Initial conditions set.
Setting boundary conditions...
Boundary conditions set.
Dimensions of each cell: dx = 0.010000 dy = 0.010000 dz = 0.010000
Ratio of specific heats gamma = 1.400000
Nstep = 0 Timestep = 0.000000 Simulation time = 0.000000
Writing initial conditions to file...
Starting calculations.
After this, the code will print out a line for every time step it takes, indicating the step it is on, the total time elapsed in the simulation, the size of the timestep taken, the wall-time elapsed during the timestep, and the total wall-time of the simulation:
n_step: 1 sim time: 0.0025355 sim timestep: 2.5355e-03 timestep time = 678.762 ms total time = 0.6972 s
The code will stop running when it reaches the final time specified in the input file. If the OUTPUT flag was turned on, it will also have created at least 2 output files in the output directory specified in the parameter file (in this case, the same directory where we ran the code), one for the initial conditions and one for the final output. Additional files may have been created depending on the timestep chosen for outputs in the parameter file.
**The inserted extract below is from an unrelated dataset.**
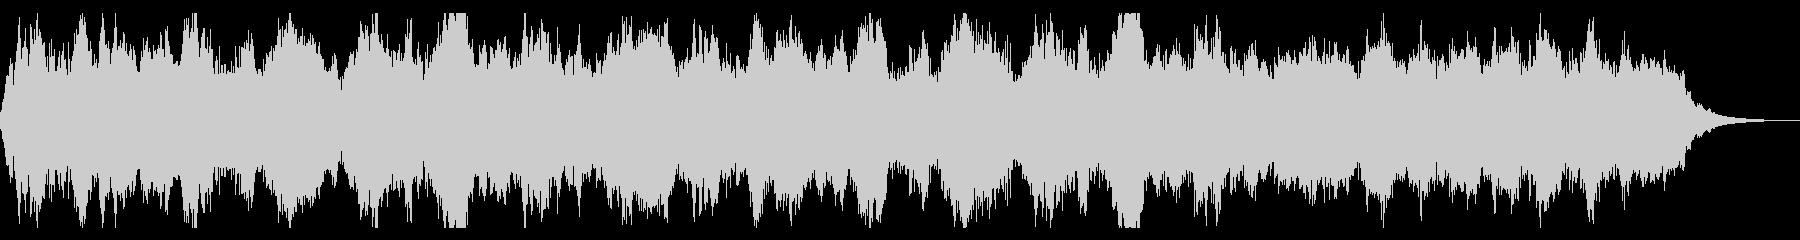 威風堂々 エルガー クラシック Ver2の未再生の波形
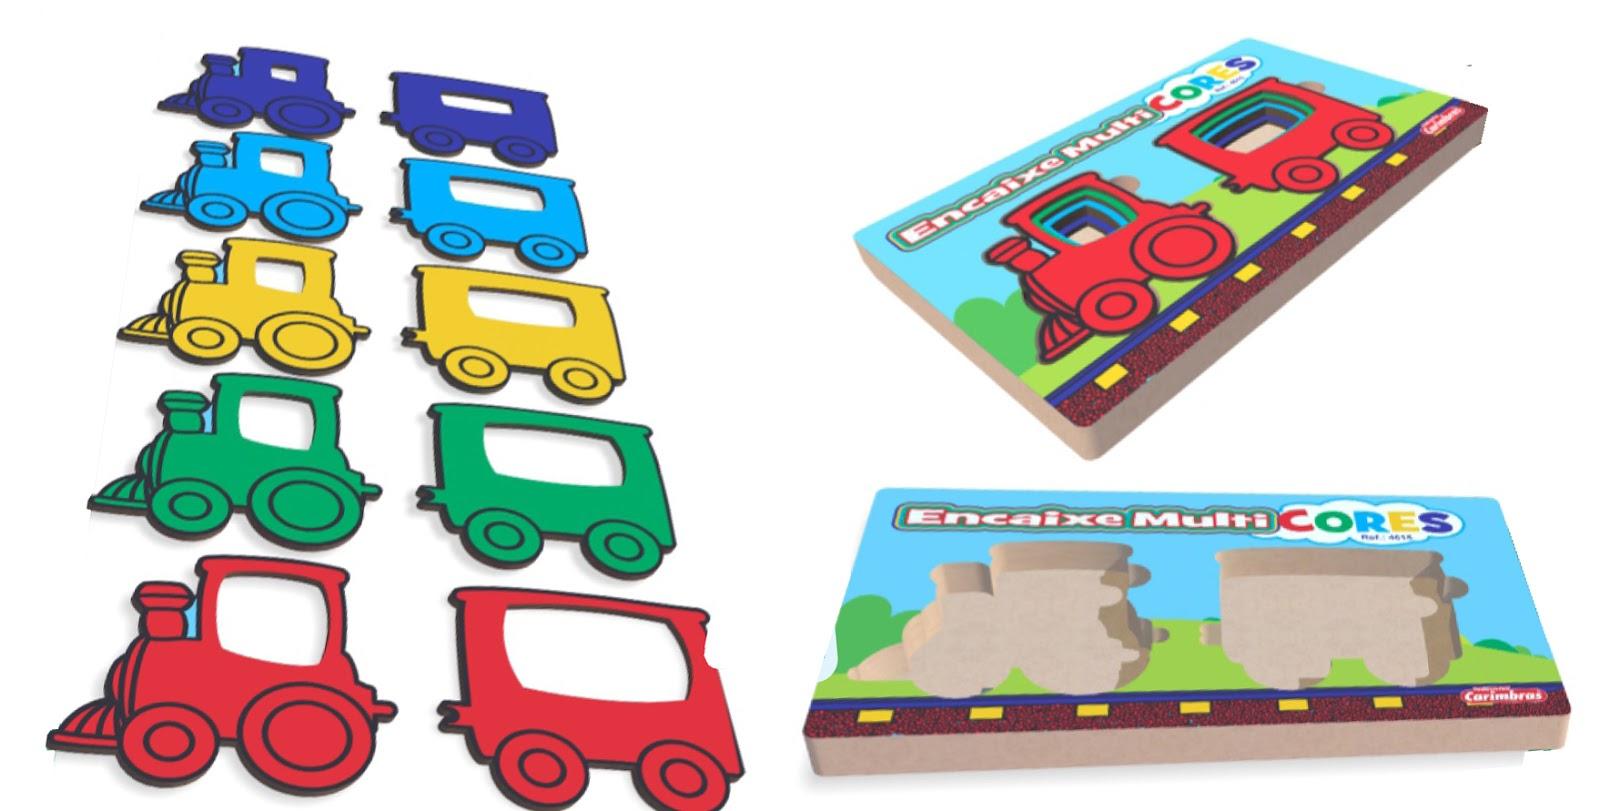 Brinquedo Educativo de Madeira Encaixe Multicores

Cholla can also be run using multiple GPUs when it is compiled using the Message Passing Interface (MPI) protocol. To run in parallel mode requires an mpi compiler, such as openmpi. Once the mpi compiler is installed or loaded, uncomment the relevant line in the makefile:
MPI_FLAGS = -DMPI_CHOLLA
and compile the code. (If you have already compiled the code in serial mode, be sure to clean up first: make clean
.) Once the code is compiled with mpi, you can run it using as many processes as you have available GPUs - Cholla assumes there is one GPU per MPI process. For example, if you have 4 GPUs, you could run a 3D sound wave test via:
mpirun -np 4 ./cholla tests/3D/sound_wave.txt
The code will automatically divide the simulation domain amongst the GPUs. If you are running on a cluster, you may have to specify additional information about the number of GPUs per node in the batch submission script (e.g. PBS, slurm, LSF).